EXERCISE DESCRIPTION ▸
The response should contain all of the data below, reproduced exactly, and no pictures.

DATA PROVIDED ▸
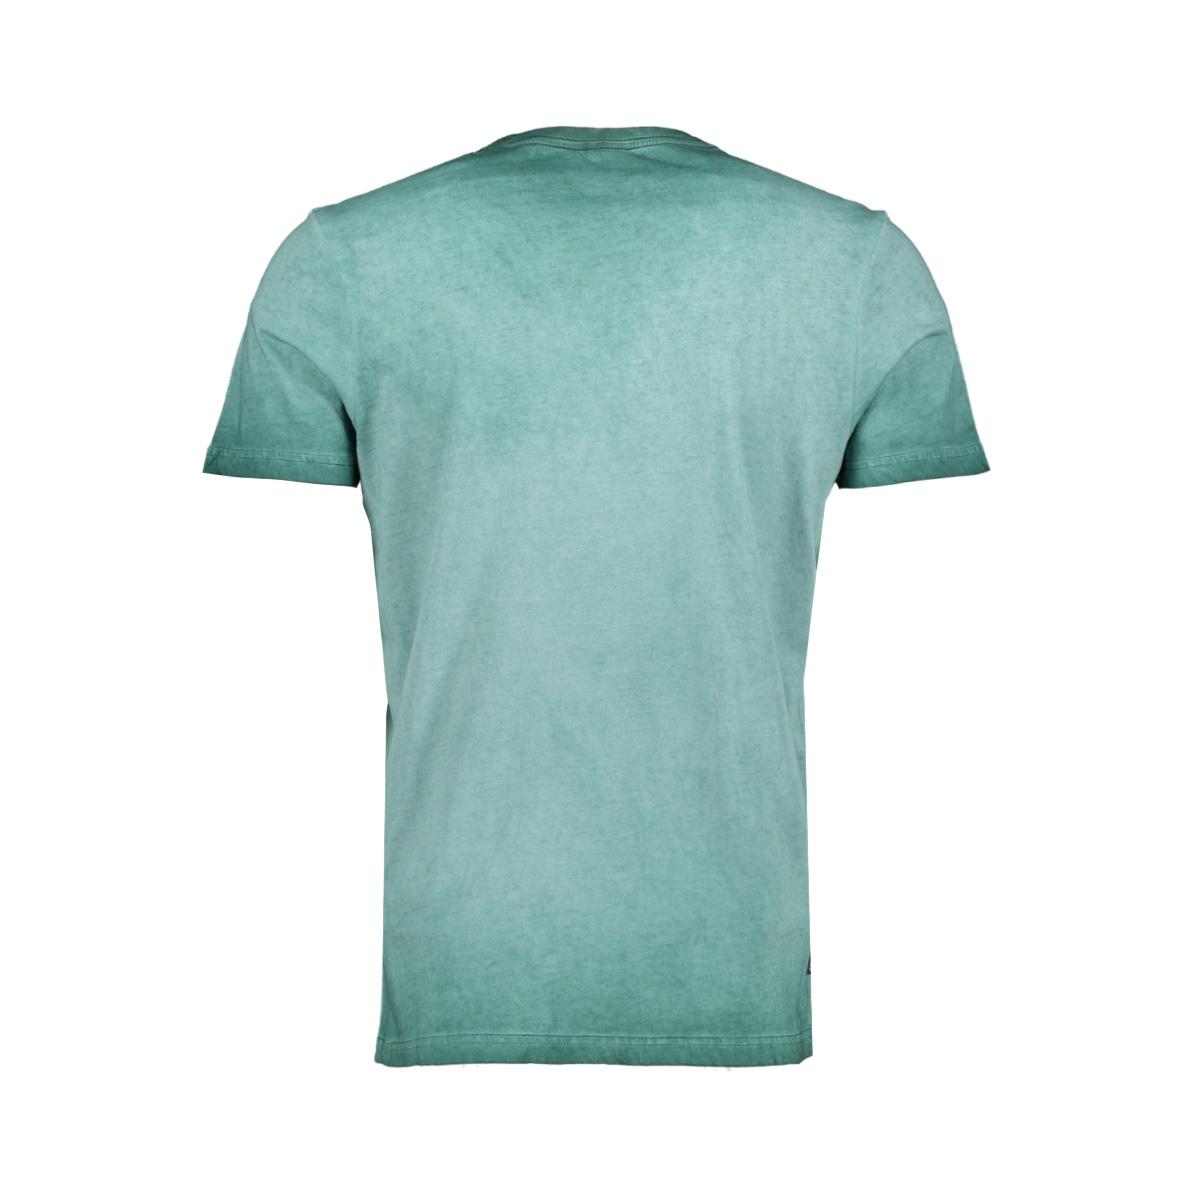 ptss191512 pme legend t-shirt 6082
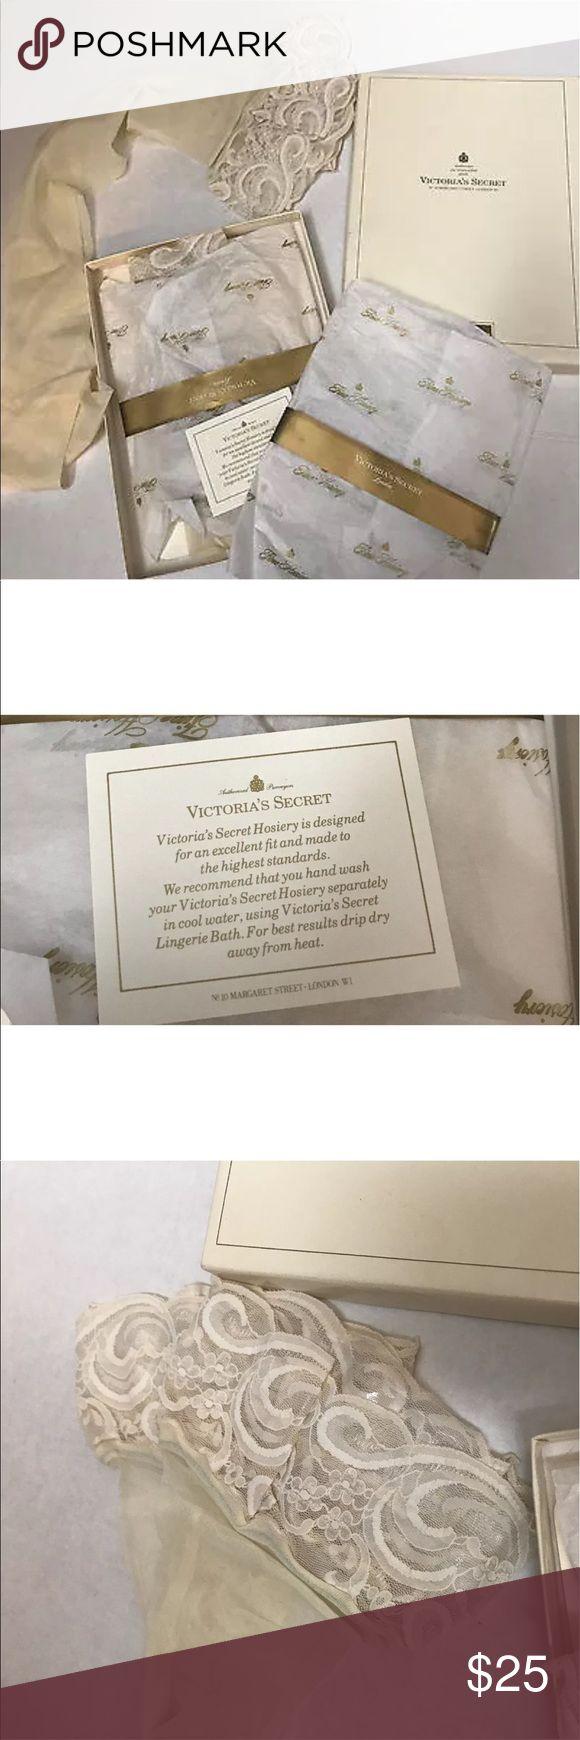 New old stock Victoria's Secret stockings in box Vintage New old stock box of Victoria's secret thigh highs 2 pairs Cream Size Medium Victoria's Secret Intimates & Sleepwear Shapewear
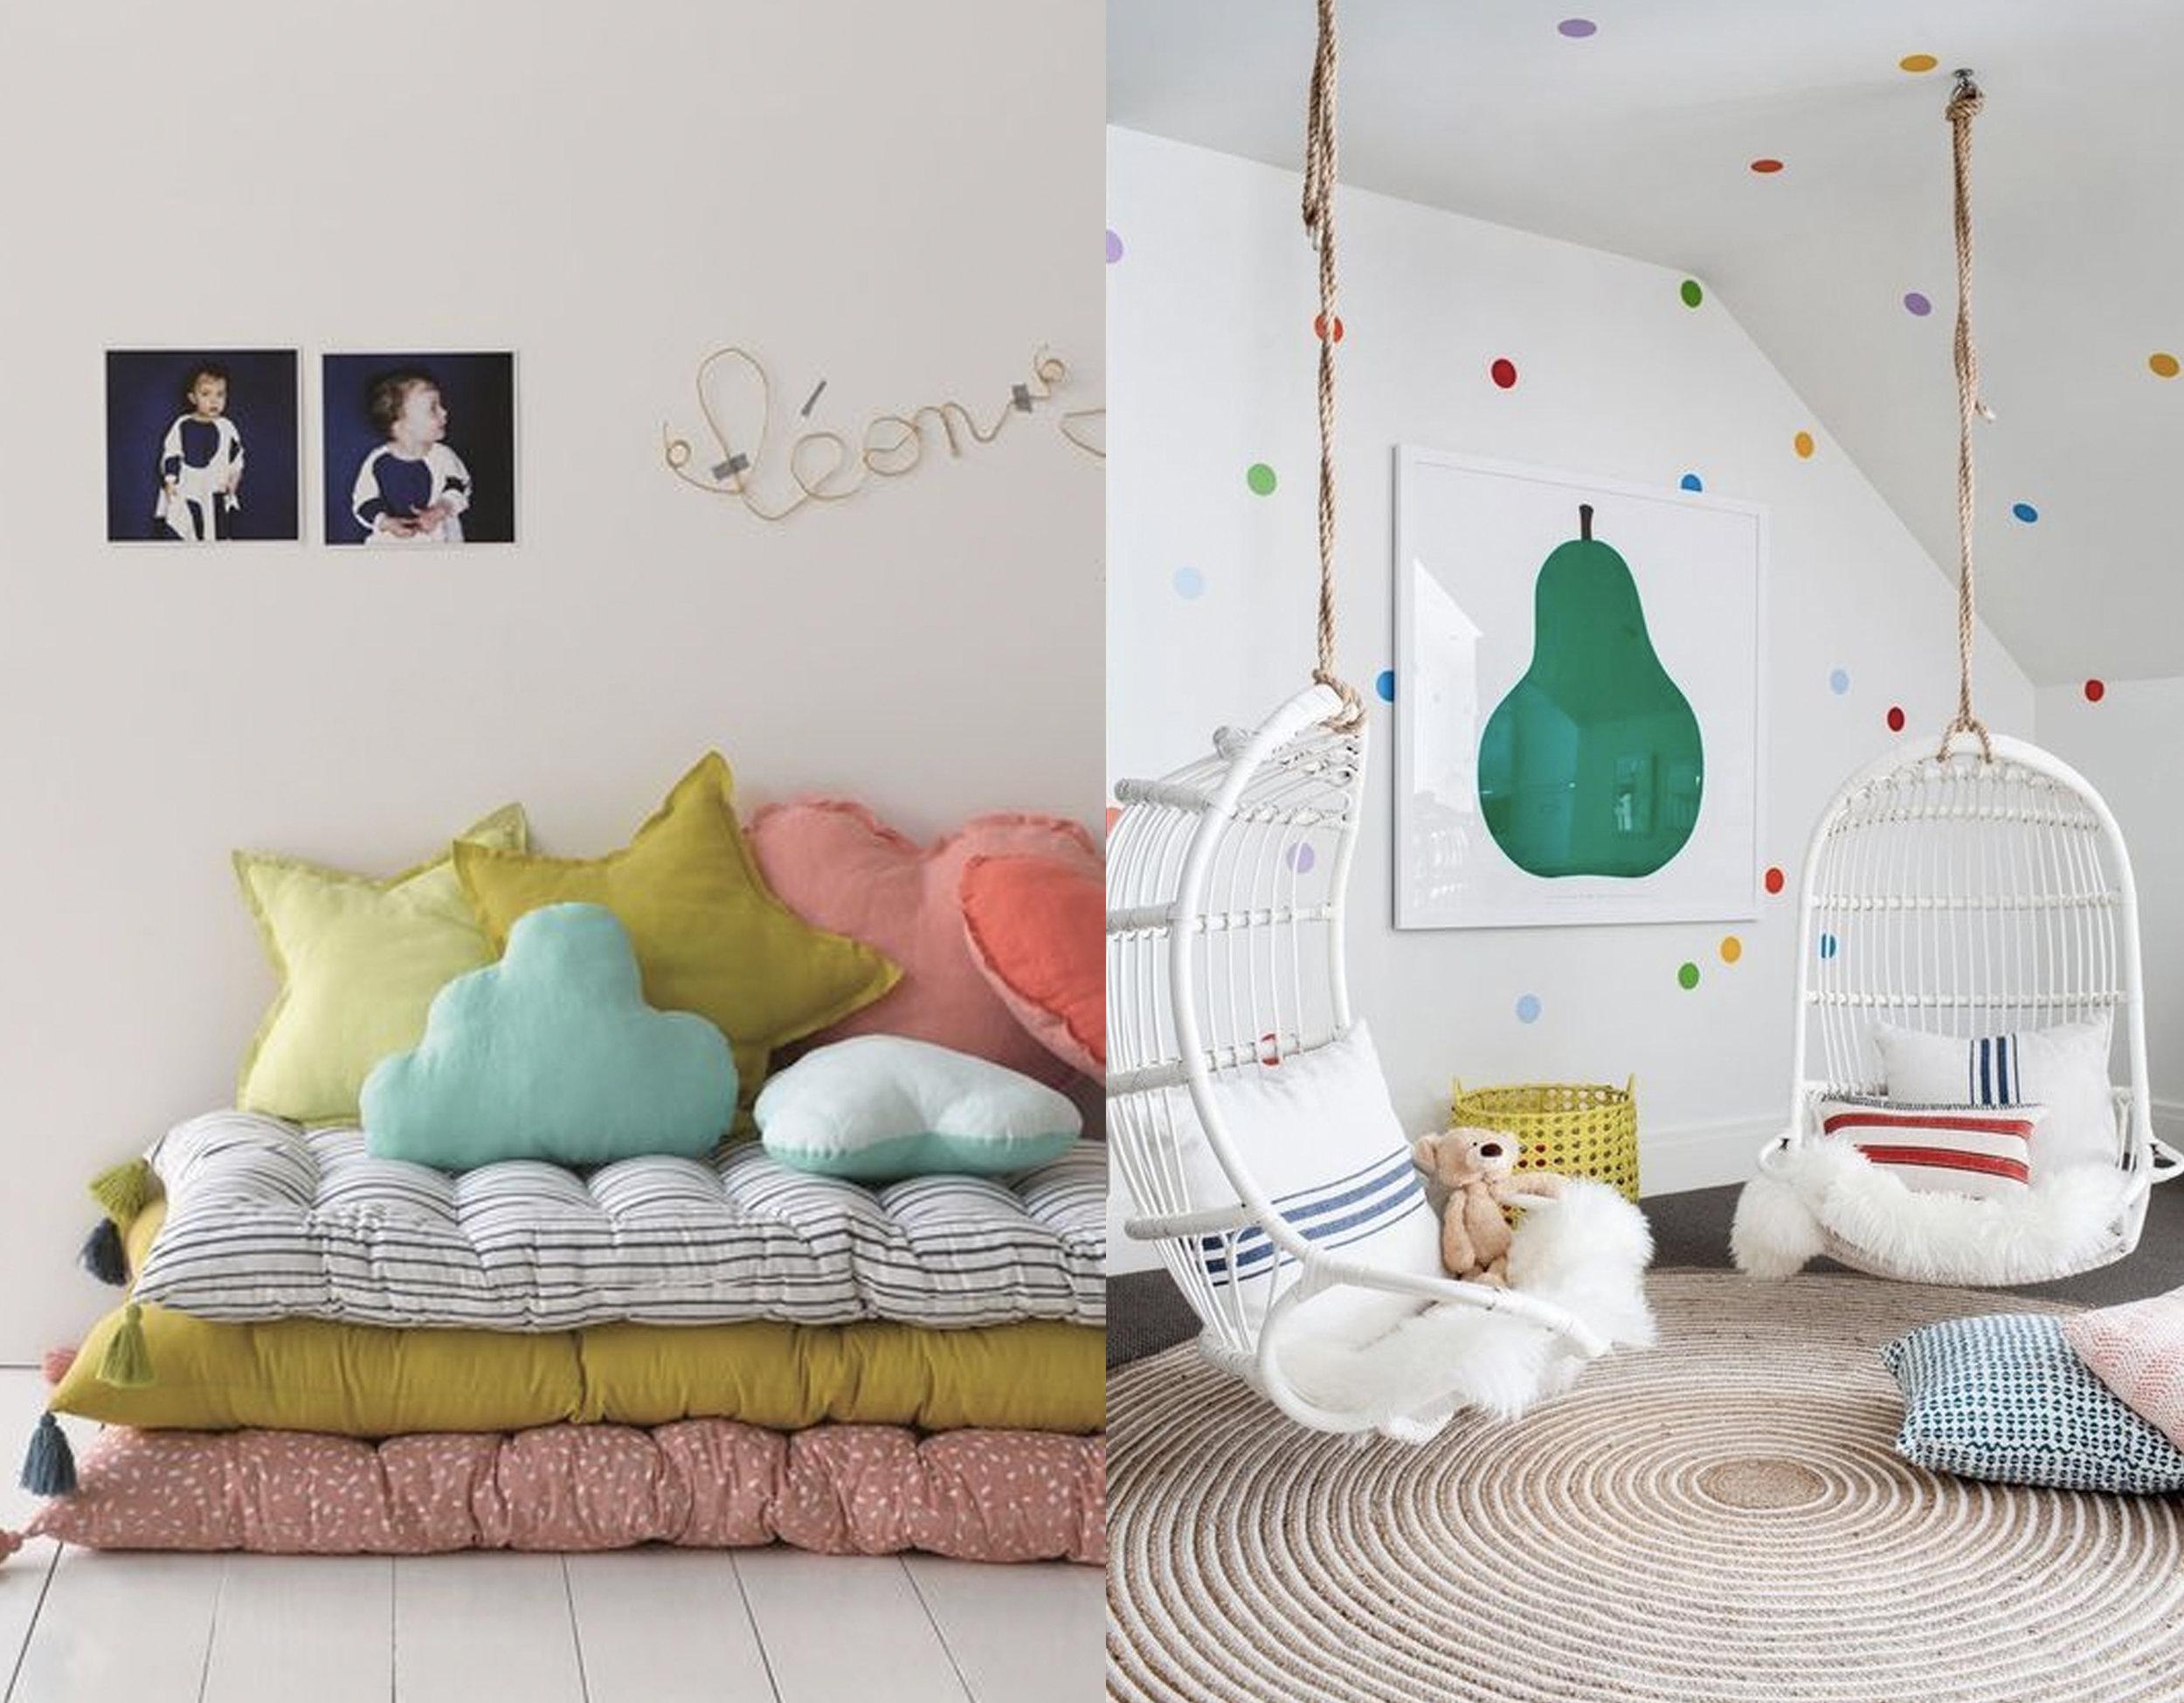 pile of mattresses via  Exclusive Bedlinen  - reading corner via  Interior Design Up
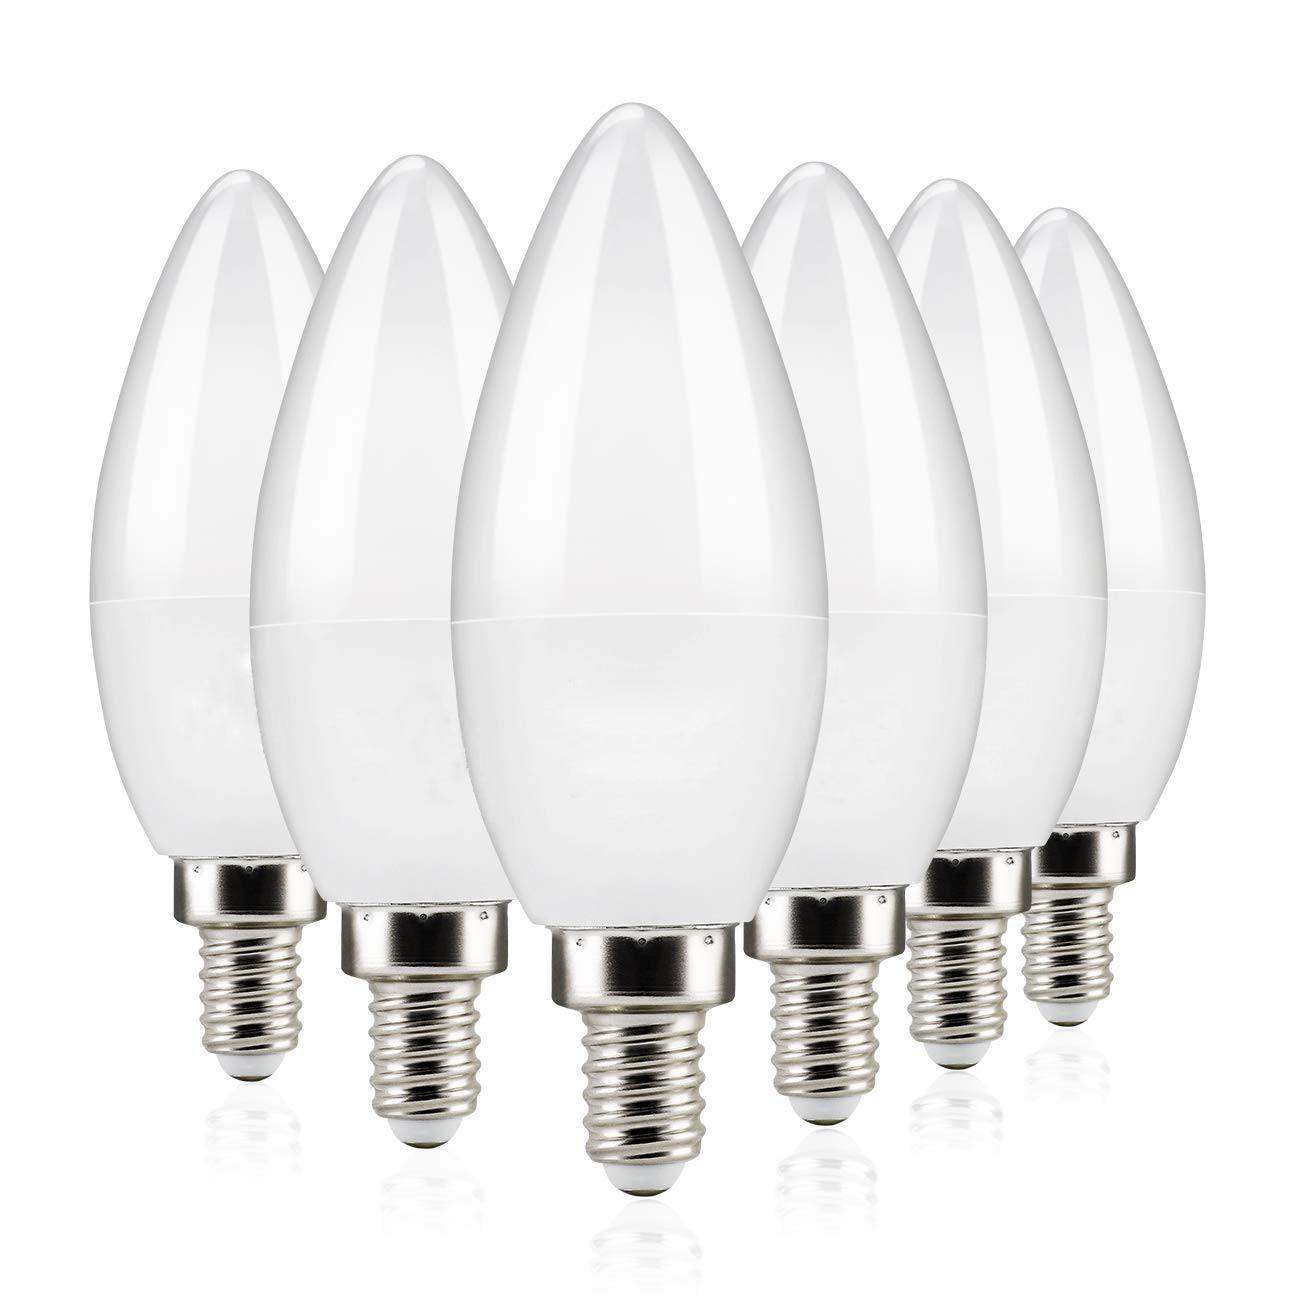 High Brightness E14 Led Candle Bulb 110V 220V Save Energy spotlight Warm/cool white chandlier crystal Lamp Bombillas Home Light

REPLY ▸
 ptss191512 pme legend t-shirt 6082
 New old stock Victoria's Secret stockings in box Vintage New old stock box of Victoria's secret thigh highs 2 pairs Cream Size Medium Victoria's Secret Intimates & Sleepwear Shapewear
 pile of mattresses via  Exclusive Bedlinen  - reading corner via  Interior Design Up
 High Brightness E14 Led Candle Bulb 110V 220V Save Energy spotlight Warm/cool white chandlier crystal Lamp Bombillas Home Light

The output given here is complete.